Юноша медленно спускает ноги с топчана и садится. Окно напротив очага наполовину открыто: судя по ясному сине-зеленому небу, сейчас около полудня. Натянув полученные от пастуха мешковатые штаны и толстую шерстяную рубаху, он направляется к изгороди, отделяющей овечий загон от сада.
Поставив правую ногу на нижнюю жердь изгороди и ухватившись руками за верхнюю, Креслин вбирает взглядом влажную и тяжелую, уже начинающую жухнуть осеннюю траву и черные морды пасущихся овец, которые не замечают его.

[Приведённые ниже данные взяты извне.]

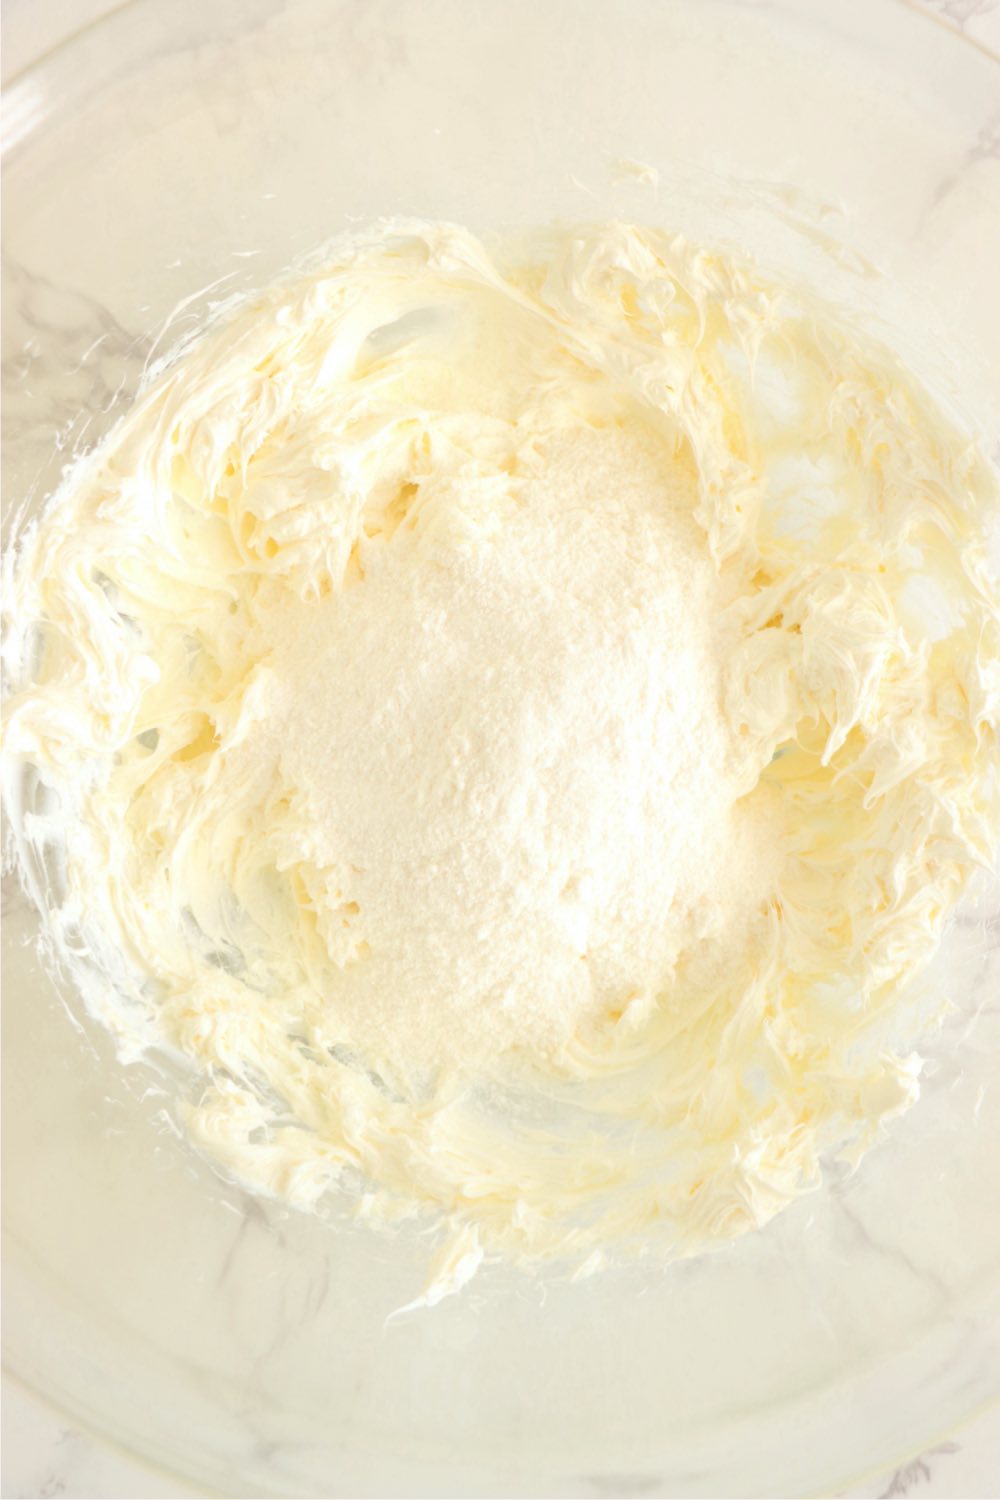 Banana pudding mix on top of whipped cream cheese in a mixing bowl.
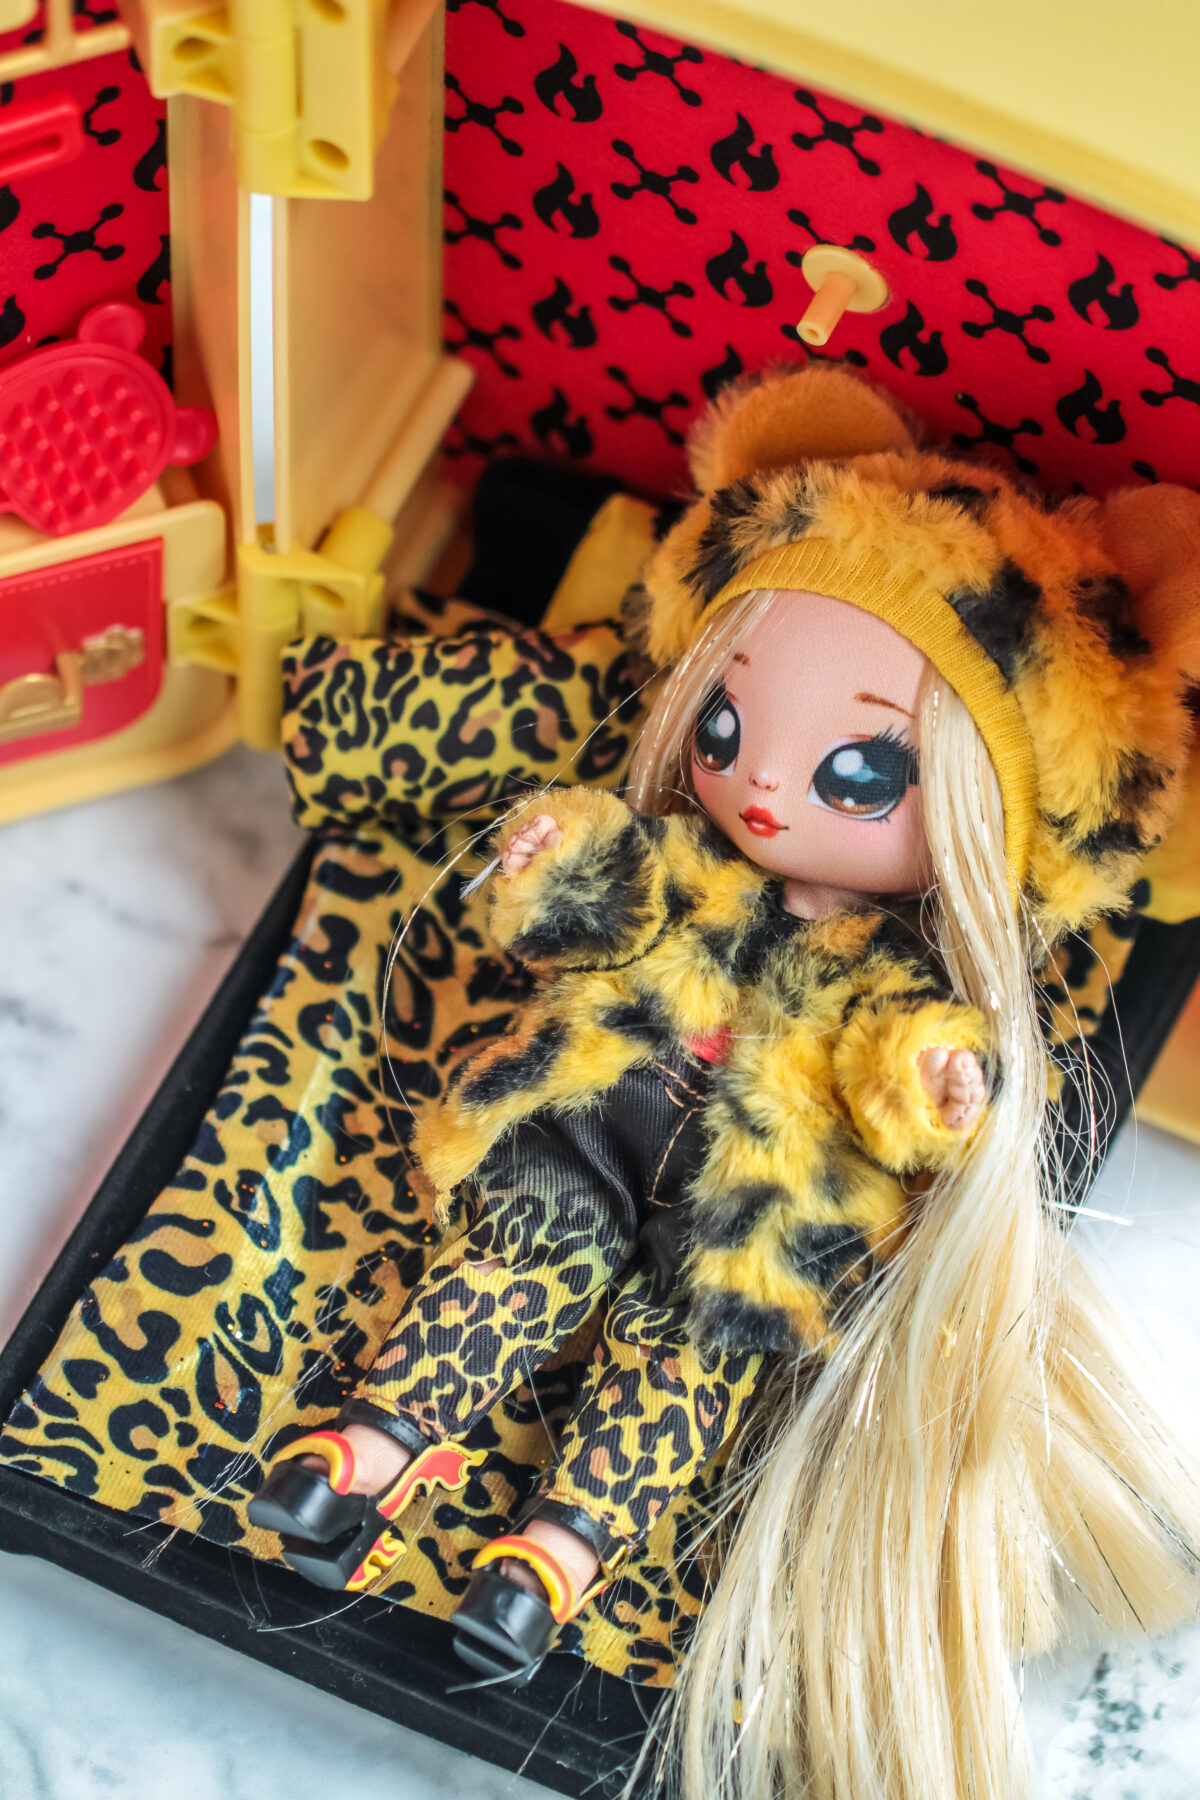 The Na! Na! Na! Surprise 3-in-1 Backpack Bedroom Playset is a fuzzy jaguar backpack that transforms into an adorable bedroom playset.

На западе — за пологими холмами, плодородными полями Кертиса и реками, заливающими их перед тем, как унести воды к Северному океану — находятся Рассветные Отроги и чародейская дорога, что должна принести Высшему Магу власть над всем Кандаром. По меньшей мере, над той его частью, что восточнее Закатных Отрогов.
— Досточтимый…
Креслину не нравятся подобные обращения. Вряд ли он заслужил их, хотя и сделал все, что мог, из благодарности к бедным пастухам, приютившим его. Но мог юноша, по правде говоря, очень немногое: распознал у пары овец какой-то загадочный недуг, а вылечить сумел только одну, да и ту с трудом.
— Что случилось, Матильда?
— Какая-то госпожа спрашивает тебя.
Повернувшись, он видит без малого дюжину вооруженных всадников. Те гарцуют на месте неподалеку от хижины, крытой тростником.
Белый проблеск над головой исчезает, как только он поднимает глаза. Рассмотрев птицу, Креслин спускается вниз по тропе, что ведет к дому. После всего, что сделали для него Андре и его близкие, он не может отдать этих людей на расправу воякам. Креслин собирает столько ветров, сколько может, но ноги его еще подгибаются, контроль неполон, и отбившаяся струйка воздуха ерошит волосы.
— Подожди меня, досточтимый!
Он замедляет шаг, глядя на щупленькую, съежившуюся под тяжелым пастушьим плащом фигурку. Несмотря на ясное небо и теплое, на его взгляд, солнышко, Матильде этот день кажется холодным. Рассеянно отогнав от нее ветра, Креслин спрашивает:
— Они говорили, что им нужно?
— Говорила только госпожа. Спросила насчет мастера, мол, который с запада… Ты, оказывается, мастер, а ведь не говорил, — добавляет она с укором.
— Я не мастер, — возражает Креслин, и знакомый приступ тошноты тут же заставляет его поправиться: — Не считаю себя мастером. Но некоторые считают.
Он мерит траву длинными шагами. Девчушка, стараясь не отставать, семенит следом. Вскоре они выходят к пологому подъему перед домом.
— А знаешь, мне тоже кажется, что ты мастер. И папа так думает. Мама понять не может, из-за чего сыр-бор. По ней выходит: ты и мухи не обидишь, и это должно быть ясно с первого взгляда даже последнему дураку, — на худеньком личике под вязаной шапочкой появляется озабоченное выражение. — А разве не так?
— Я не мог бы обидеть ни тебя, ни твоих близких. Вообще ни одного хорошего человека.